Carlos del Junco - Big Boy

Cela faisait un certain temps déjà que ceux qui avaient eu la chance d’écouter Just Your Fool, le premier album solo de Carlos del Junco en espéraient un nouveau. Personnellement, si j’appréciais le live sus-nommé, je me sentais un peu frustré par le choix du répertoire, trop typé à mon goût, et j’attendais donc avec impatience quelque chose de plus ouvert musicalement. Je ne suis pas déçu :

Carlos n’a pas vraiment grand chose à prouver techniquement : il a intégré les techniques les plus avancées de jeu (overblow, octaves altérées, contrepoint, etc.) avec la bénédiction d’Howard Levy. Mais là ou Levy s’oriente vers un world jazz parfois intellectuel et difficile d’approche, del Junco se concentre plutôt sur des styles de musiques populaires dont le blues bien sûr, mais pas seulement. La grande réussite de cet album a mon sens c’est d’avoir su intégrer l’harmonica dans des styles où il est peu voire pas représenté : le ska, la soul, et des mélanges hybrides plus dur à catégoriser. Le blues n’est pas absent du disque tout de même, mais ceux qui connaissent le jeu de Carlos savent que son style est tout sauf classique. Le New Orleanais ‘Junco Partner’ est une belle réussite. Notons aussi un clin d’œil à Sugar Blue avec une reprise de sa version solo de "Another Man Done Gone" qui se finit en imitation de train. Quel souffle !

Le seul passage du disque en territoire jazz est le Jitterbug Waltz de Fats Waller, qui permet à Carlos de briller en son acoustique. L’orchestration est sobre et le morceau vraiment très joli. Carlos finit sur un passage seul où il joue de l’accordéon ‘musette’ à l’harmonica de manière tout à fait stupéfiante.

Un autre point fort de cet enregistrement c’est la bonne humeur qui ressort sur tous les morceaux. On sent que Carlos et ses musiciens se sont éclatés et ça fait plaisir. Signalons ‘Heddon Tadpolly Spook’ décrit dans la jaquette comme un ‘ska déjanté hybride instrumental-BO de Fellini ?’. Le morceau est très fun, éminemment écoutable, ce qui cache tout de même une impressionante maîtrise technique.
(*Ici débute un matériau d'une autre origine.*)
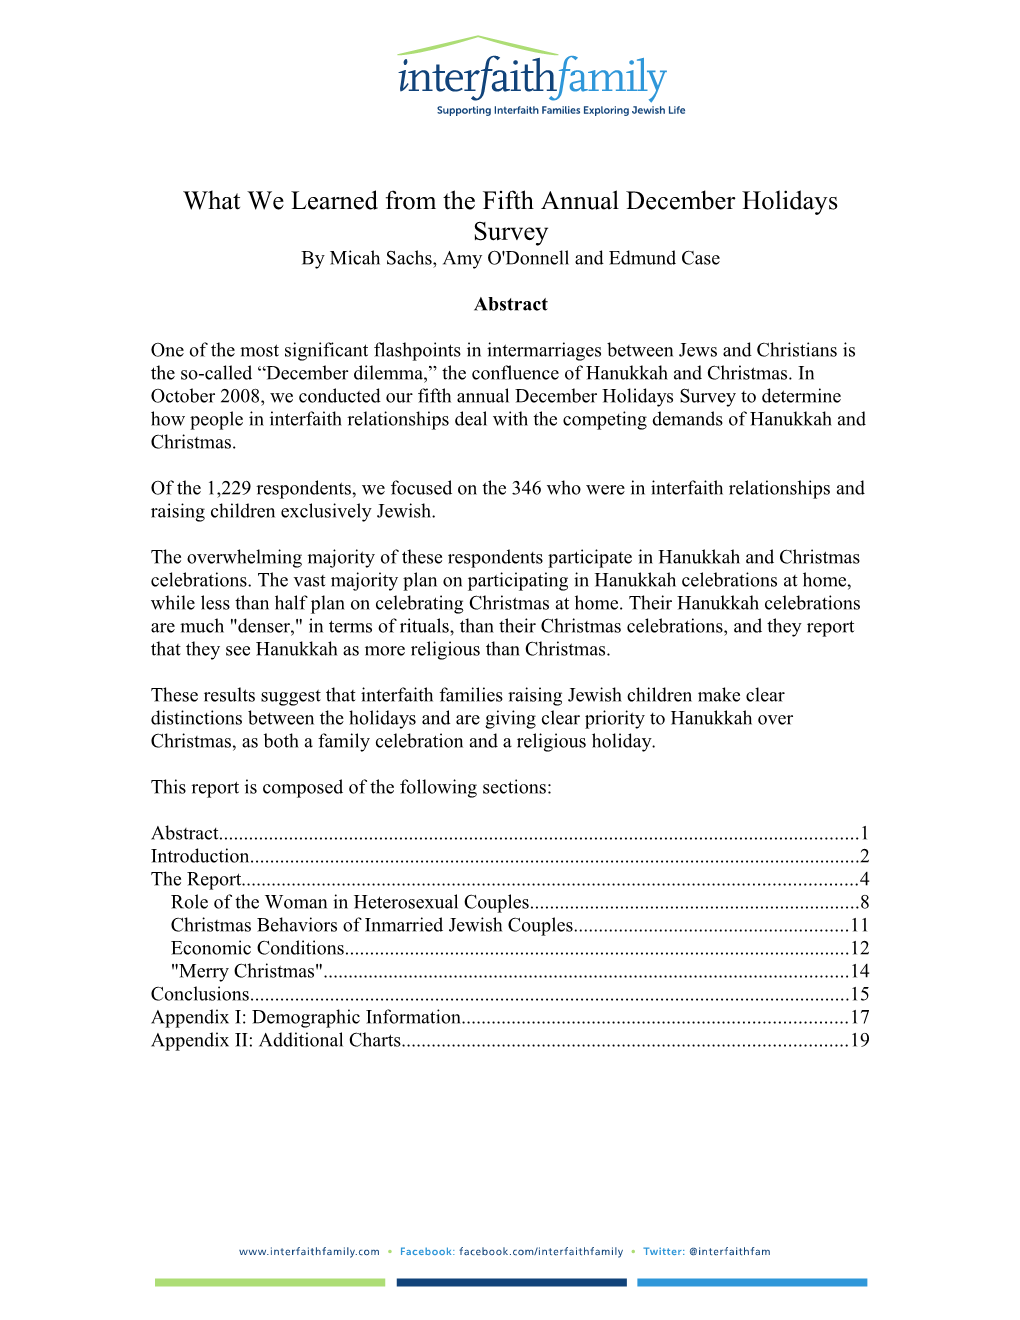 What We Learned from the 2007 December Holidays Survey

Si j’avais une seule réserve à émettre vis à vis de ‘Big Boy’, c’est le fait qu’à certains moments (heureusement rares) la technique de Carlos prend le pas sur la musicalité et il passe en mode ‘démonstratif’ ce qui doit être très impressionant en live mais passe moi bien en album. Sur ‘Heaven’s where you’ll dwell’, le morceau qui ouvre l’album, Carlos joue un break accompagné de la batterie uniquement en jouant quelques mesures dans chacune des douze clefs sur (évidemment) un même et seul diatonique. Très impressionant mais pas très musical...

Cela dit c’est une critique bien mineure pour un album que j’aime beaucoup et que je ne peux que vous recommander si vous avez envie d’entendre ce qu’un des harmonicistes les plus novateurs fait de son diatonique.